Deciding What to Try Next

Errors in your predictions can be troubleshooted by: * Getting more training examples * Trying smaller sets of features * Trying additional features * Trying polynomial features * Increasing or decreasing \(\lambda\)

Don't just pick one of these avenues at random. We'll explore diagnostic techniques for choosing one of the above solutions in the following sections.

Evaluating a Hypothesis

A hypothesis may have low error for the training examples but still be inaccurate (because of overfitting).

With a given dataset of training examples, we can split up the data into two sets: a training set and a test set.

The new procedure using these two sets is then: 1. Learn \(\Theta\) and minimize \(J_{train}(\Theta)\) using the training set 2. Compute the test set error \(J_{test}(\Theta)\)

The test set error

For linear regression: \[J_{test}(\Theta) = \dfrac{1}{2m_{test}} \sum_{i=1}^{m_{test}}(h_\Theta(x^{(i)}_{test}) - y^{(i)}_{test})^2\] For classification ~ Misclassification error (aka 0/1 misclassification error): \[err(h_\Theta(x),y) = \begin{matrix} 1 & \mbox{if } h_\Theta(x) \geq 0.5\ and\ y = 0\ or\ h_\Theta(x) < 0.5\ and\ y = 1\newline 0 & \mbox otherwise \end{matrix} \] This gives us a binary 0 or 1 error result based on a misclassification.

The average test error for the test set is \[ \large \text{Test Error} = \dfrac{1}{m_{test}} \sum^{m_{test}}_{i=1} err(h_\Theta(x^{(i)}_{test}), y^{(i)}_{test}) \]

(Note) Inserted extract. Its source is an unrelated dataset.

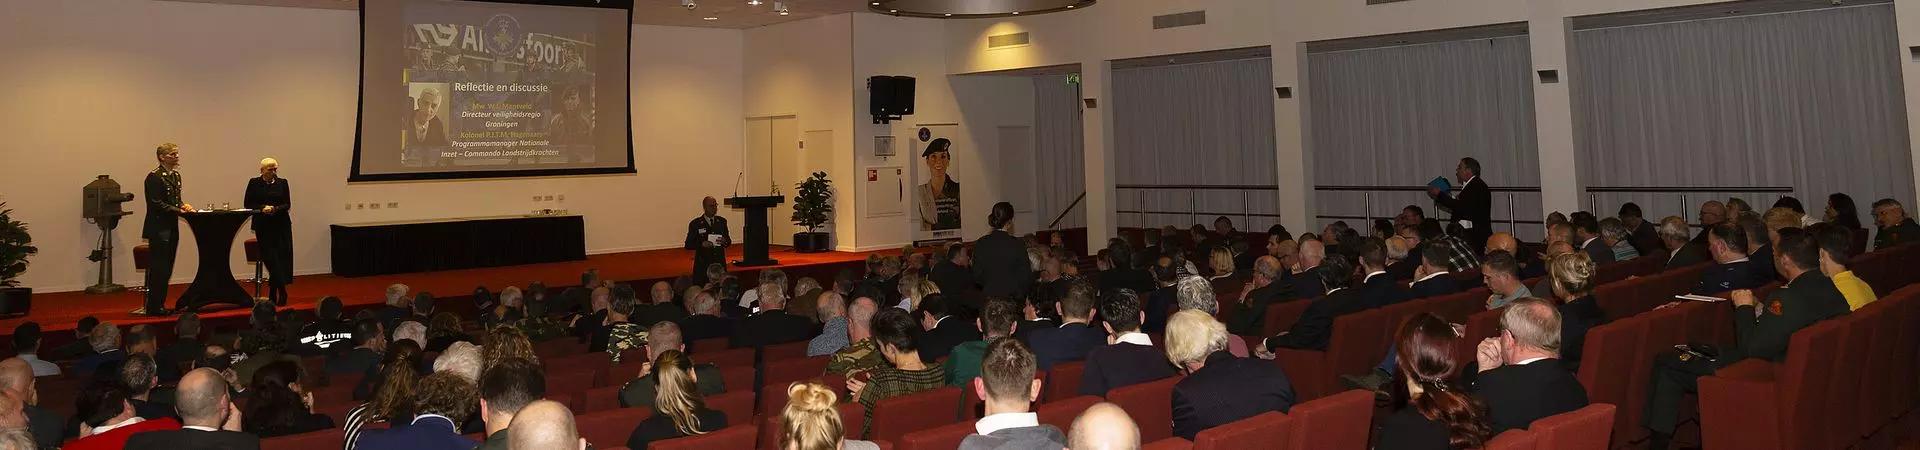 20191114 KPRC Symposium

This gives us the proportion(比例) of the test data that was misclassified.

Model Selection and Train/Validation/Test Sets

Just because a learning algorithm fits a training set well, that does not mean it is a good hypothesis.

The error of your hypothesis as measured on the data set with which you trained the parameters will be lower than any other data set.

In order to choose the model of your hypothesis, you can test each degree of polynomial and look at the error result.

Without the Validation Set 1. Optimize the parameters in \(\Theta\) using the training set for each polynomial degree. 2. Find the polynomial degree \(d\) with the least error using the test set. 3. Estimate the generalization error also using the test set with \(J_{test}(\Theta^{(d)})\), (d = theta from polynomial with lower error);

In this case, we have trained one variable, \(d\), or the degree of the polynomial, using the test set. This will cause our error value to be greater for any other set of data.

To solve this, we can introduce a third set, the Cross Validation Set, to serve as an intermediate set that we can train \(d\) with. Then our test set will give us an accurate, non-optimistic error.

One example way to break down our dataset into the three sets is: * Training set: 60% * Cross validation set: 20% * Test set: 20%

We can now calculate three separate error values for the three different sets.

With the Validation Set 1. Optimize the parameters in \(\Theta\) using the training set for each polynomial degree. 2. Find the polynomial degree \(d\) with the least error using the cross validation set. 3. Estimate the generalization error using the test set with \(J_{test}(\Theta^{(d)})\), (d = theta from polynomial with lower error);

This way, the degree of the polynomial \(d\) has not been trained using the test set.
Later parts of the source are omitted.